Rational Functions

rational functions, factoring, asymptotes, rational numbers, factorable

In an analogous way to rational numbers, which can be expressed as the quotient of two integers, rational functions can be expressed as quotients of polynomial functions. And by quotient, we mean an integer divided by another integer, or in the case of rational functions a polynomial function divided by another polynomial function.

Thus, suppose that we have two polynomial functions, P(x) and Q(x).  Then, we can create a rational function H(x):

H(x)=P(x)/Q(x).

Suppose we have P(x)=x²+4x+4 and suppose we have Q(x)=x²+5x+6. So we can create a rational function as follows:

H(x)=(P(x))/(Q(x)), or H(x)= (x²+4x+4 )/(x²+5x+6)

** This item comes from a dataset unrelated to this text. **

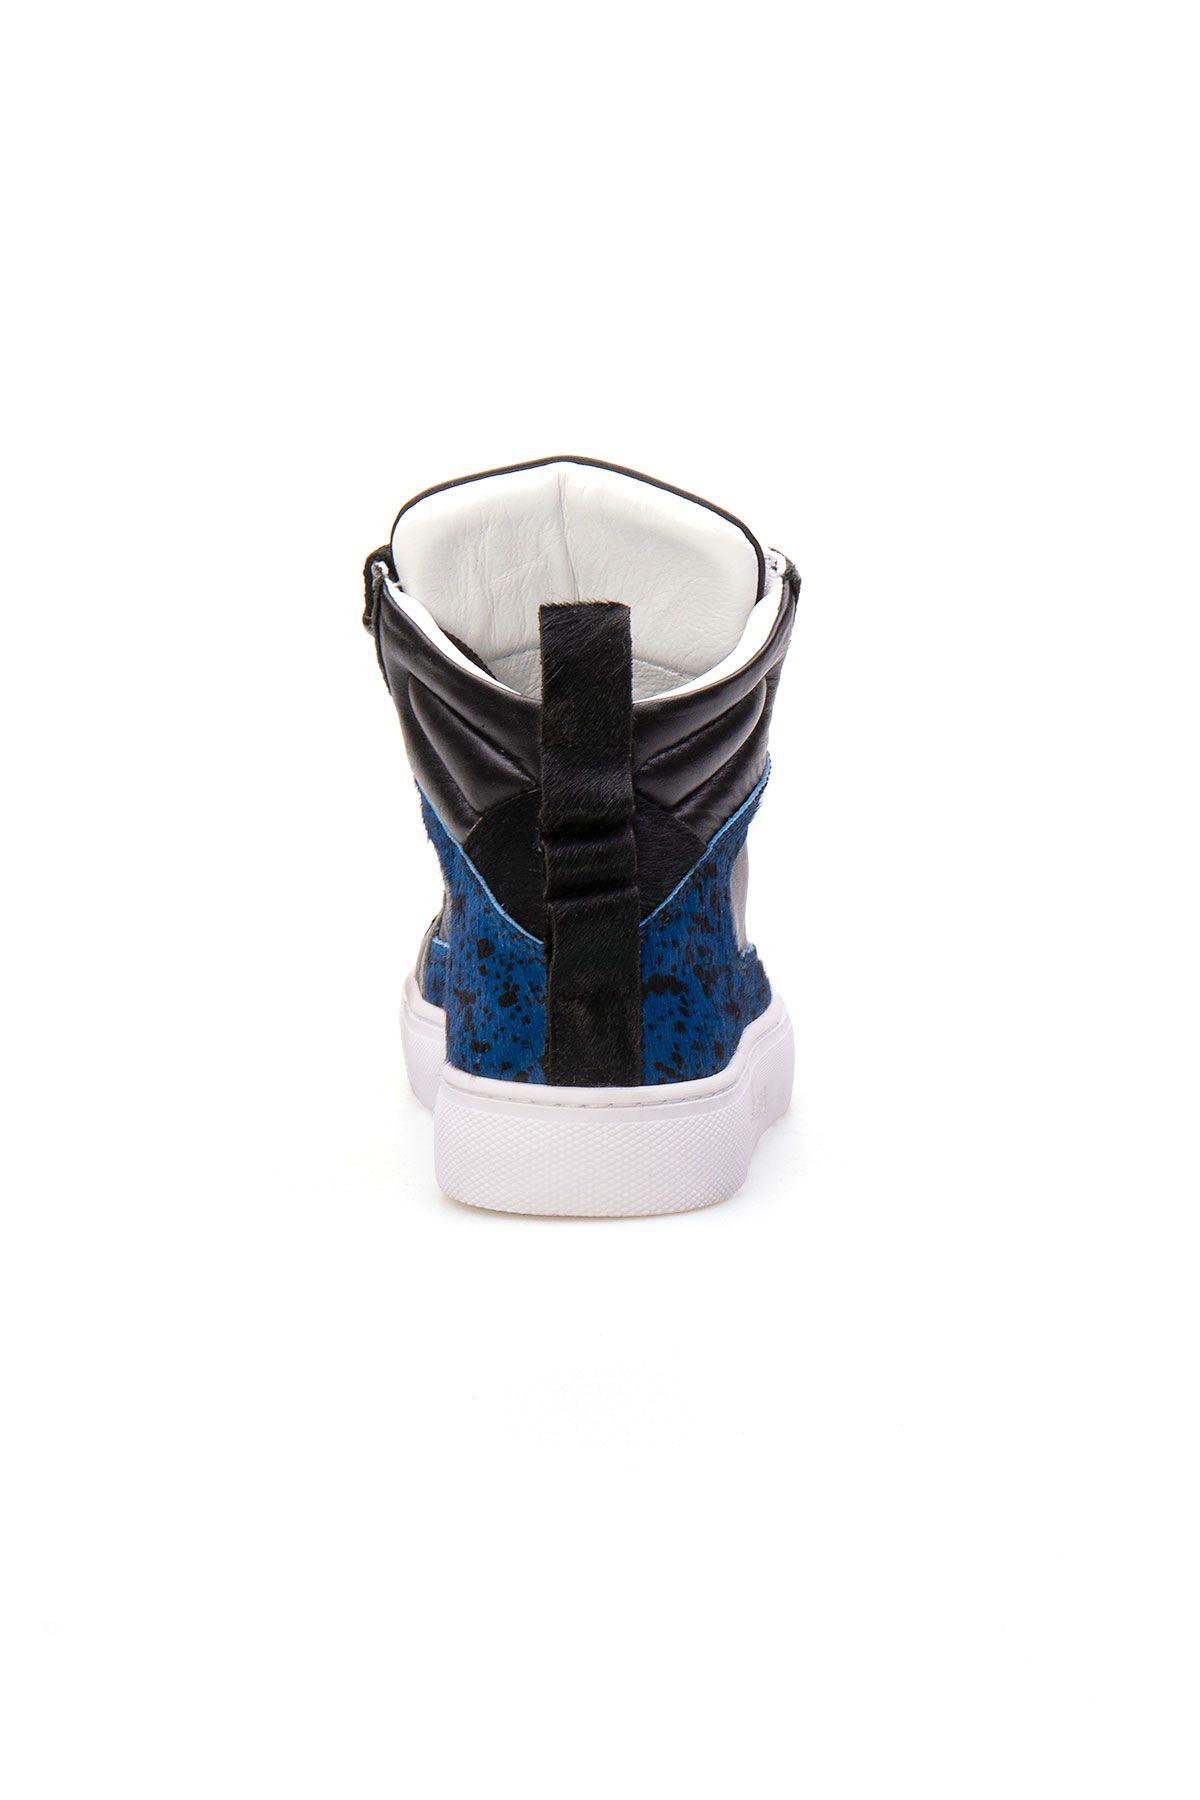 Pegia Genuine Leather Women's Sneaker LA1205 Blue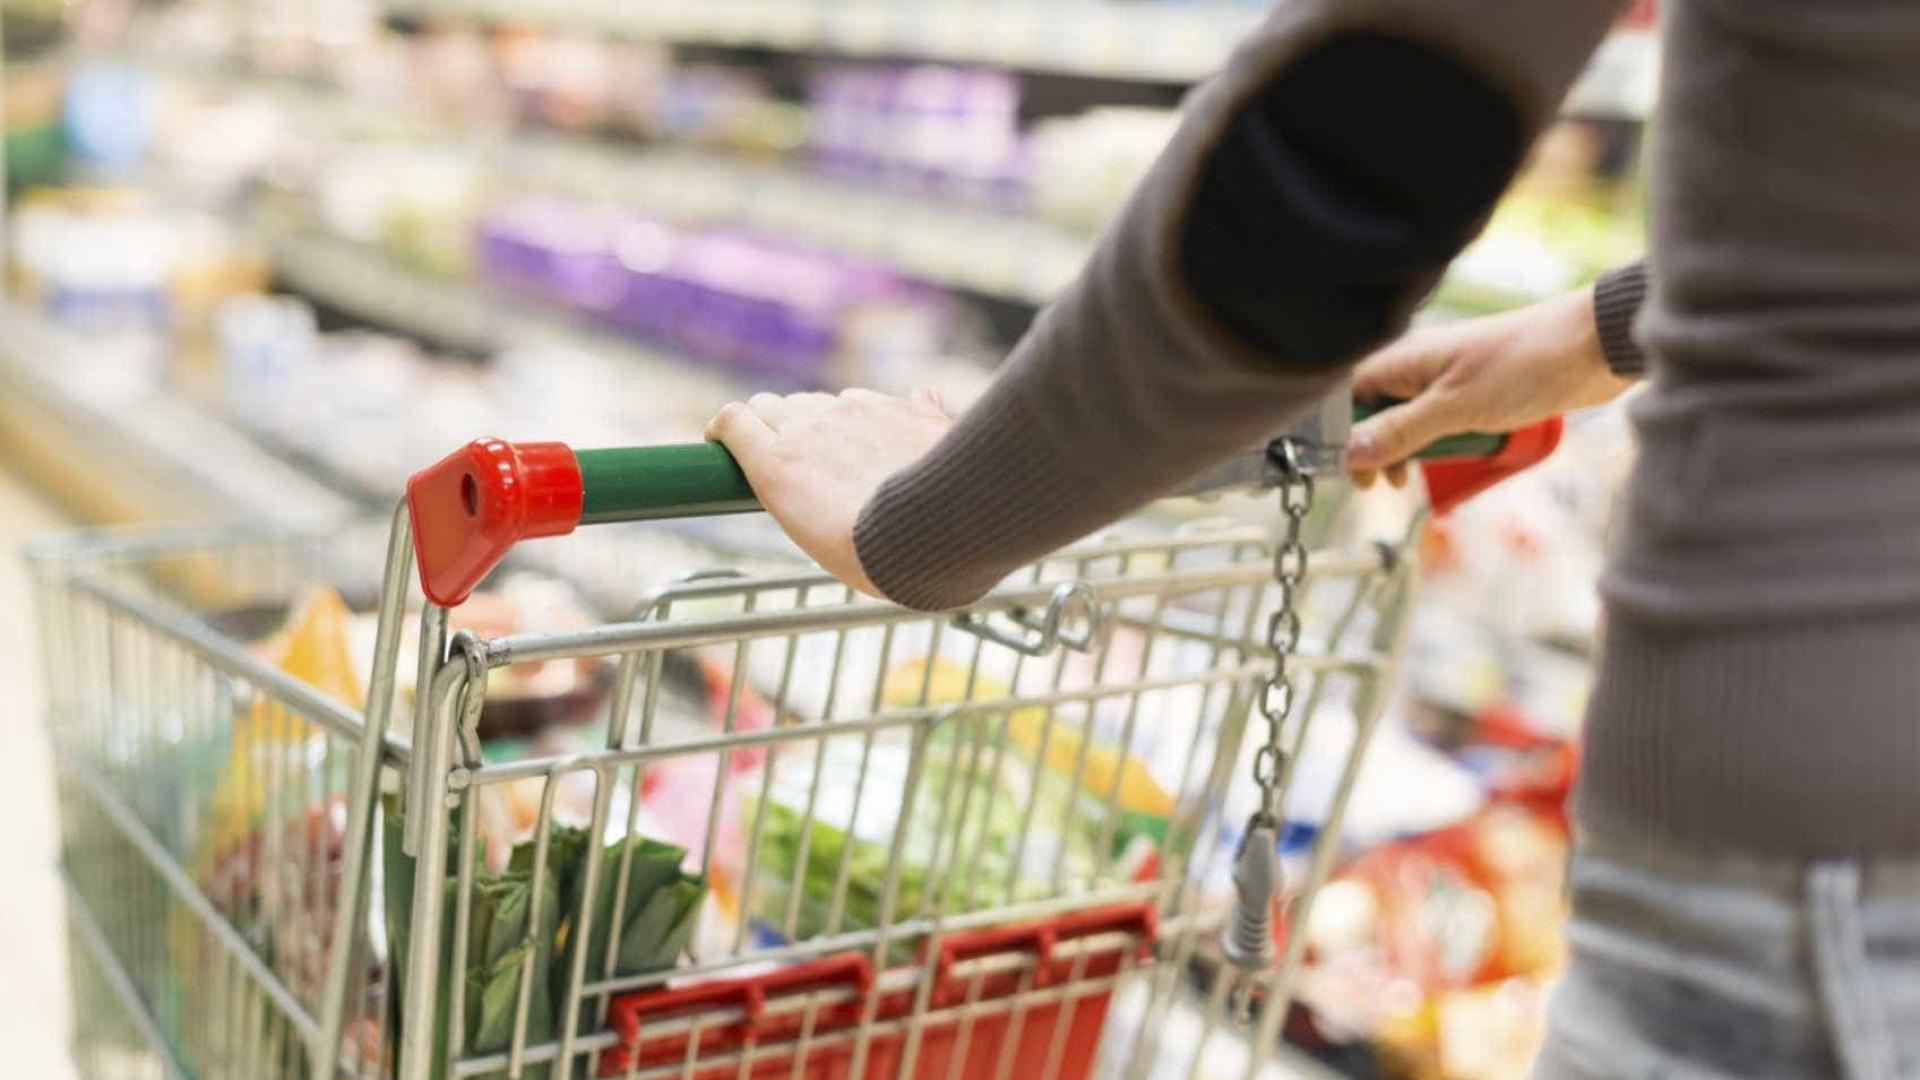 Atividade económica aumenta em março e consumo privado permanece estável

(1) Because both Q and P are factorable, we can factor H(x). Also, if we find common factors of P and Q we can reduce the rational function.

(2) Factoring rational functions also allows us to easily find the zeros of Q(x), the denominator in the rational function.  From this, we can figure out where the rational function is undefined (which amounts to finding what is not in the domain of the rational function).  This is also the very means by which we can figure out the asymptotes of the rational function, which we will go into in more detail in other topics.  Specifically, finding asymptotes.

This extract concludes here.